Problem to work on>
When the line with "bleistift swiss wood" turns up below, begin repeating exactly, and carry on through the line with "MATRIA_1600x650 (1)"; no pictures go into the copy.

Exercise input>
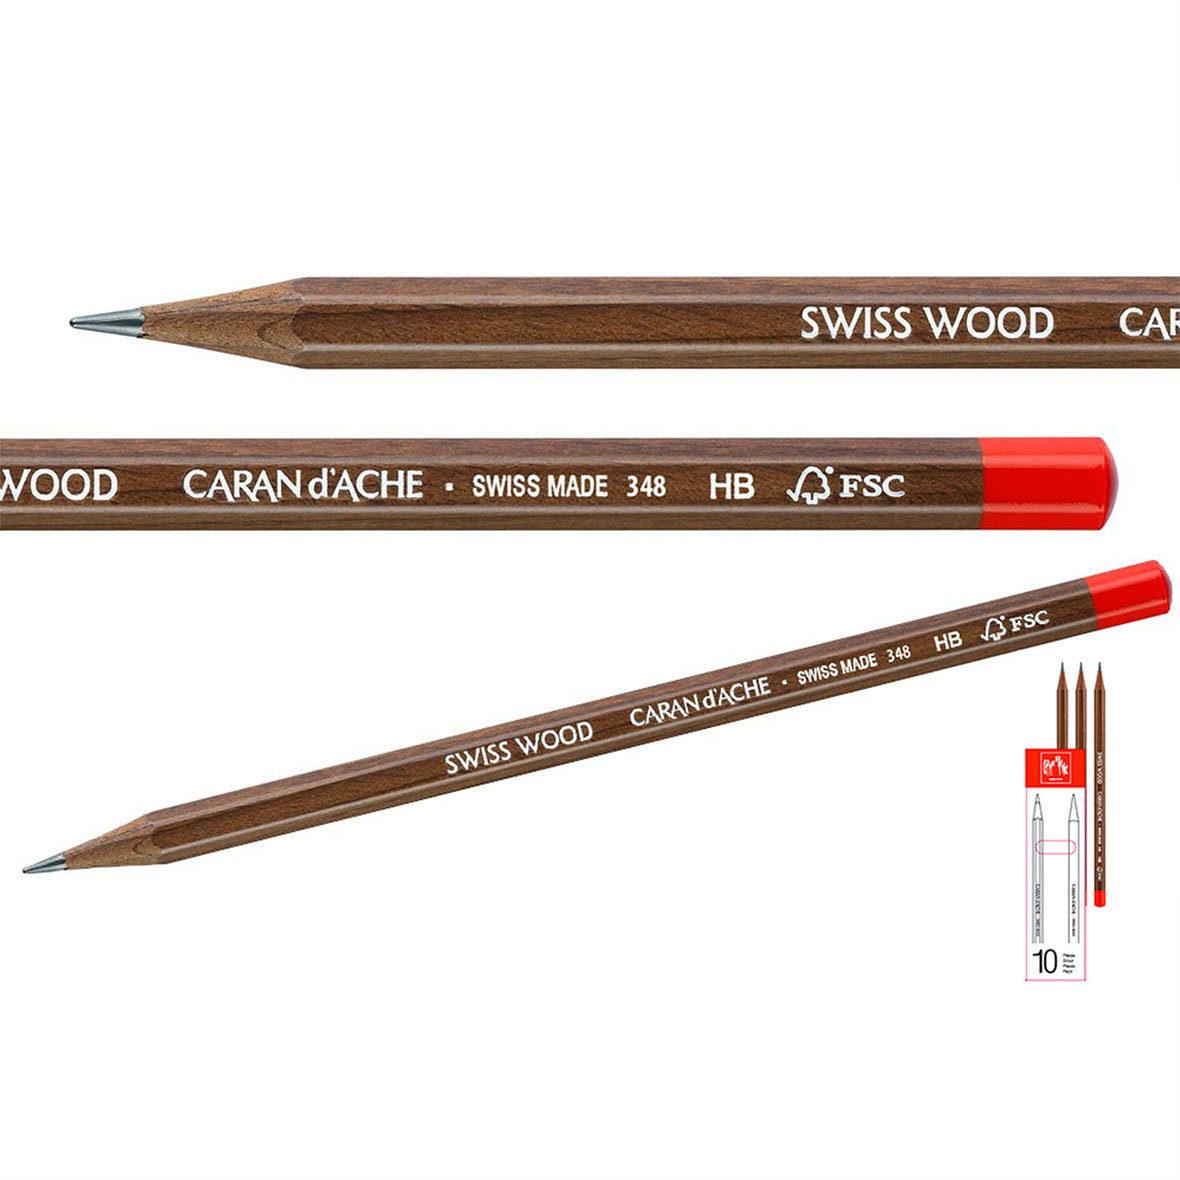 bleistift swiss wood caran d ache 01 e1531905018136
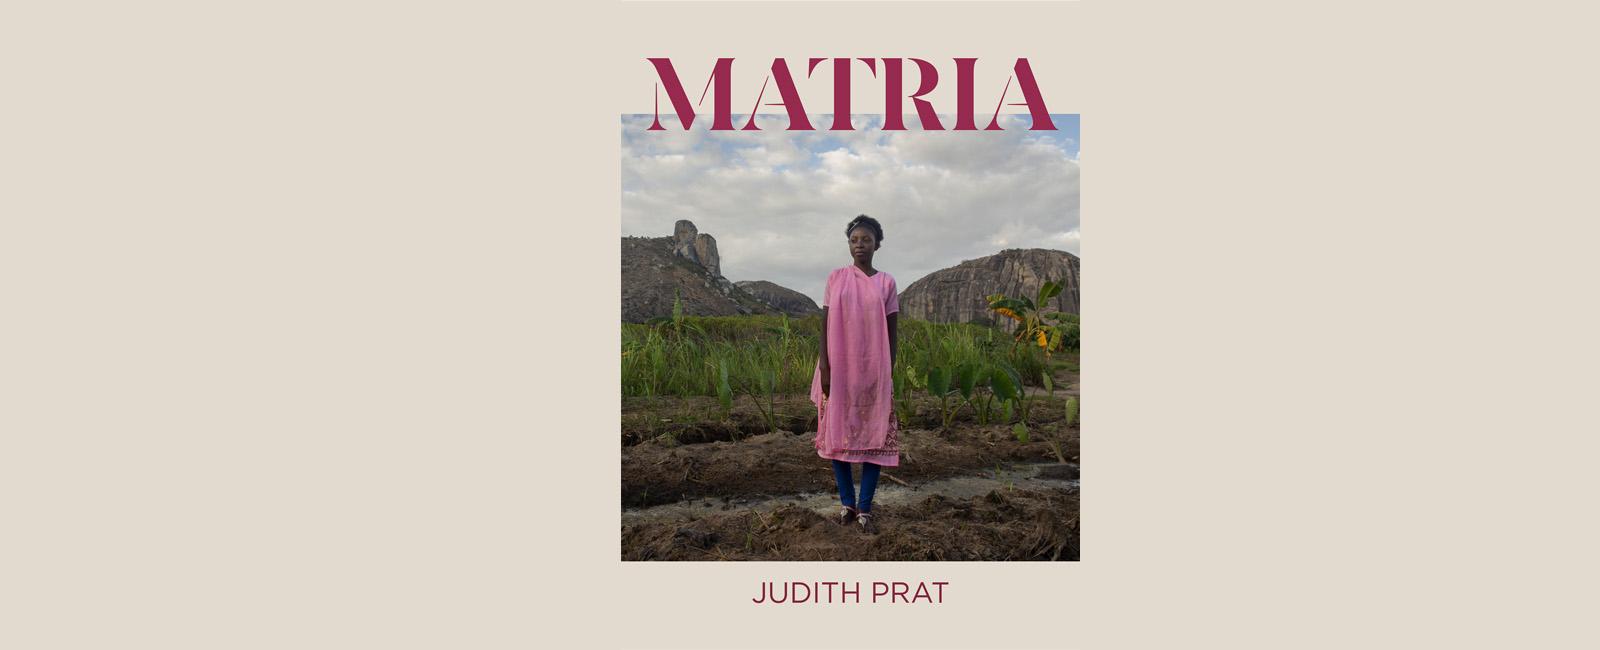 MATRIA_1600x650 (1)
==
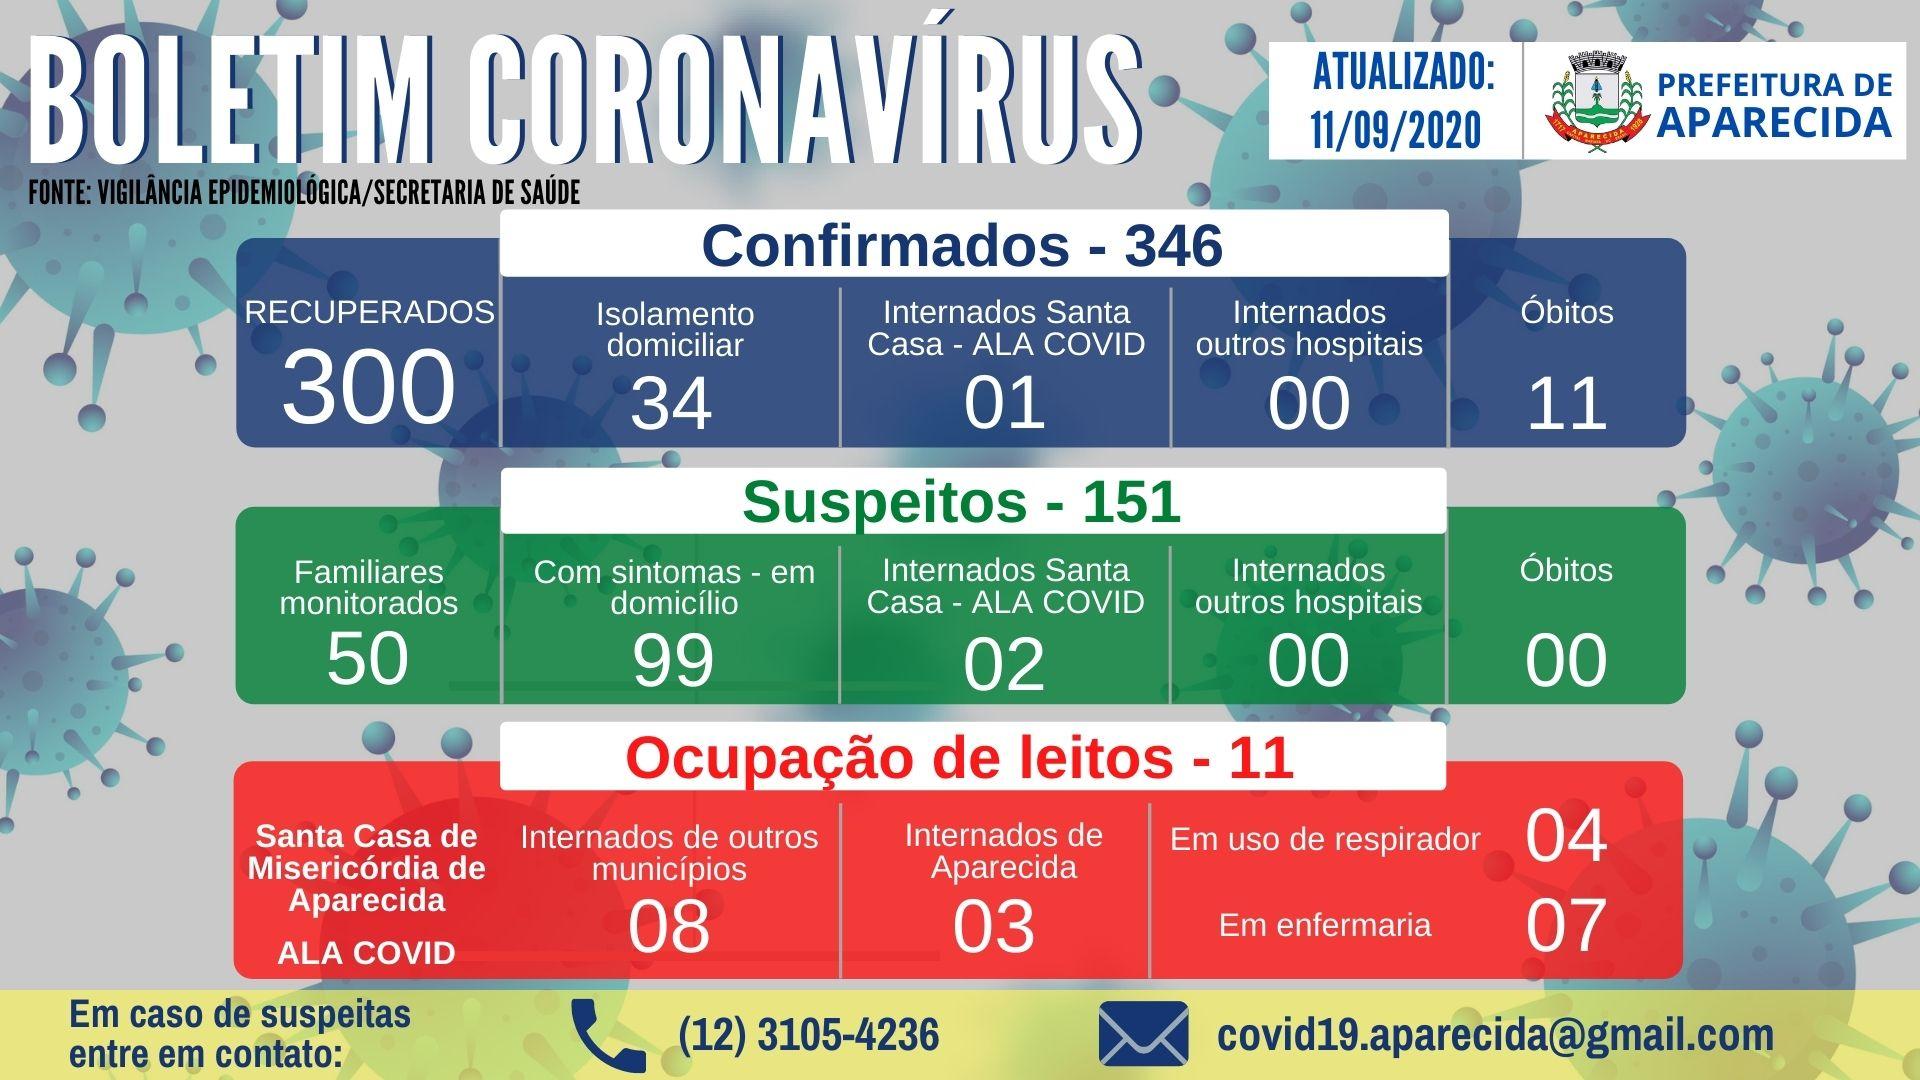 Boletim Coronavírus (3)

Solution to this task>
 bleistift swiss wood caran d ache 01 e1531905018136
 MATRIA_1600x650 (1)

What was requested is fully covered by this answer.